Inner hole noise variation illustrated at three levels: +1, 0, −1 (left to right).  

002404j.7.jpg

The irregularity of RNA washout during slide preparation is modeled by chord noise (chord removal). The number, Nc, of chords to be removed for a spot is selected from a discrete distribution, {0,1,2,3,4}, where the elements of the distribution occur with probabilities p0, p1, p2, p3, and p4, respectively. For images with very few pieces cut off, the zero-chord probability p0 is very high, and the three- and four-chord probabilities are close to 0 (possibly equal to 0). To model interarray variability, the probabilities can be treated randomly. This noise parameter is set once for every block that is not a spot level noise. Once the number of chords for a spot is determined, the distance, L, of each chord center to the edge is selected from a beta distribution, with interblock variability for the beta distribution being uniformly modeled (simulation 5). Finally, the chord locations are chosen uniformly randomly according to an angle θ between 0 and 2π. Figure 8 shows chord noise at different levels.

Figure 8

Chord noise variation illustrated at three levels: +1, 0, −1 (left to right).

002404j.8.jpg

Owing to the manner in which liquid dries, the spots usually do not have smooth edges. Edge noise is simulated via a parameterized edge-noise algorithm adopted from digital document processing. Edge noise is applied to the outer perimeter of the spot (after chord removal). Figure 9 shows the noise at different levels.

Figure 9

Spot edge variation illustrated at three levels: +1, 0, −1 (left to right).

002404j.9.jpg

Many factors contribute to the fluorescent background observed: autofluorescence from the glass surface or the surface of the detection instrument, nonspecific binding of fluorescent residues after hybridization, local contamination from posthybridization slide handling, etc. Background noise is simulated by a normal distribution whose parameters are randomly chosen to describe the process, and for multiple arrays, the interarray difference is modeled by a uniform distribution (simulation 20).

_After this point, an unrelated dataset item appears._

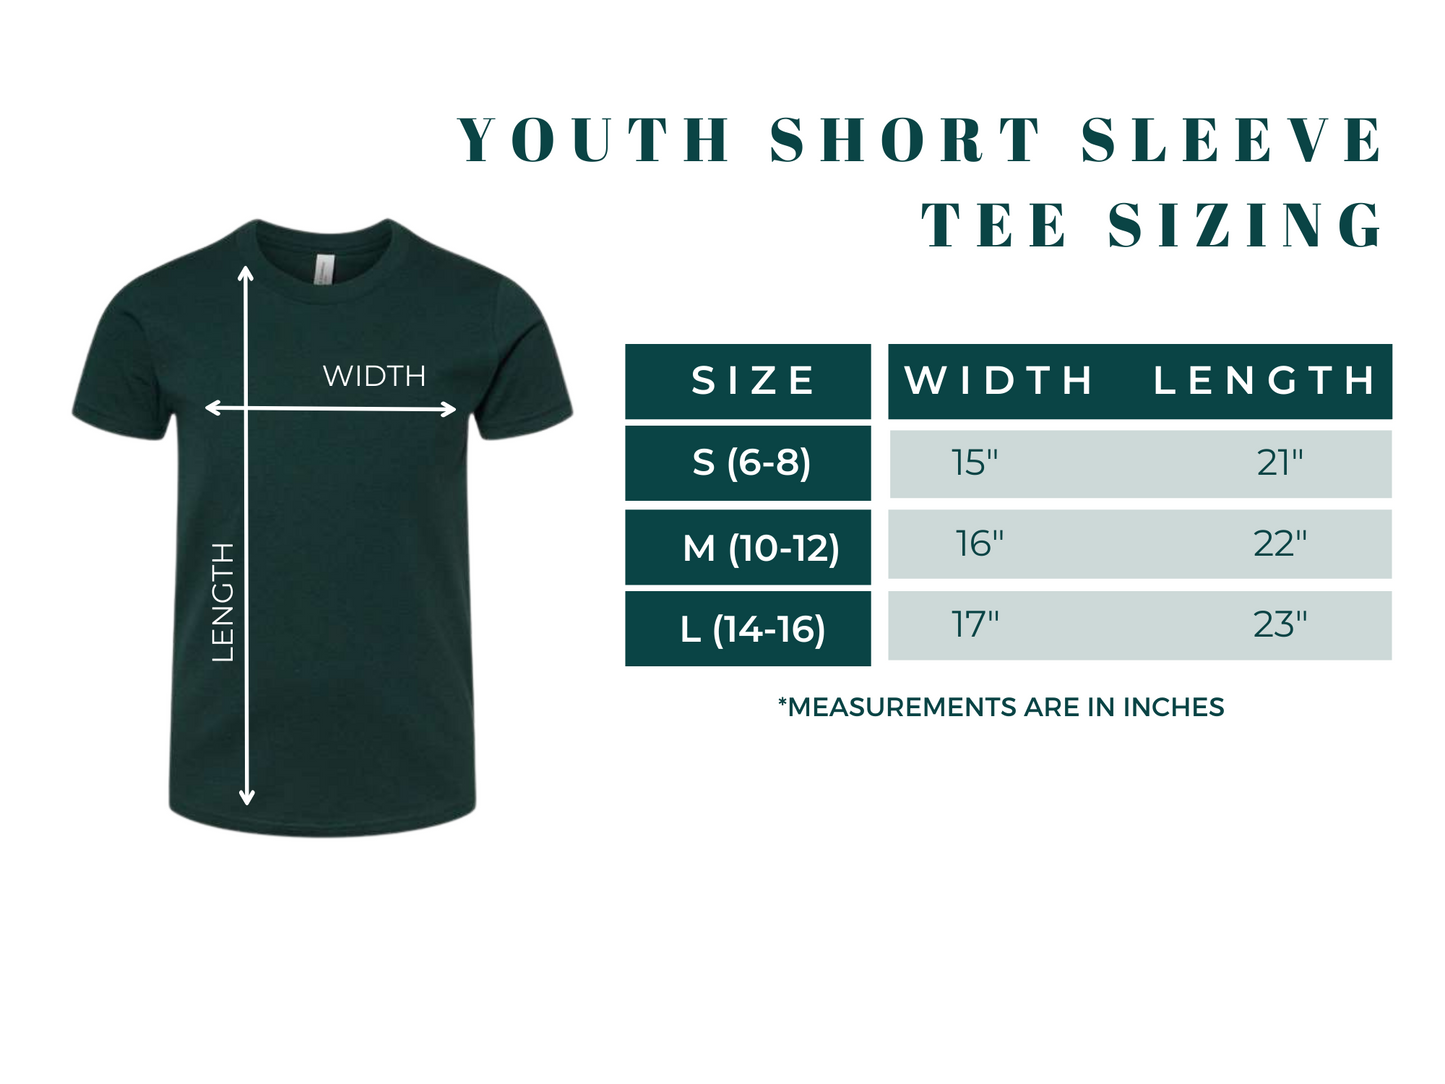 Sunkissed | Short Sleeve Youth Tee | Closeout

Rather than be constant across the entire microarray, the mean of the background noise may vary, owing to various scanning effects. It can take different shapes: parabolic, positive slope, or negative slope. In this case a function g(x,y) is first generated (parabolic, positive slope, or negative slope) to form a background surface and normal noise is added to it pixelwise. Figure 10 shows parabolic background noise at different levels.

Figure 10

Variation in signal-to-background noise ratio (SigBack) and parabolic background. SigBack is set at −1, while parabolic background is varied from +1, 0, −1, left to right.

002404j.10.jpg

The addition of various noise types makes the microarray highly peaked, with high pixel differences. This stark irregularity can be mitigated by smoothing the image with either a flat or pyramidal convolution kernel. Our simulation study uses a flat smoothing function.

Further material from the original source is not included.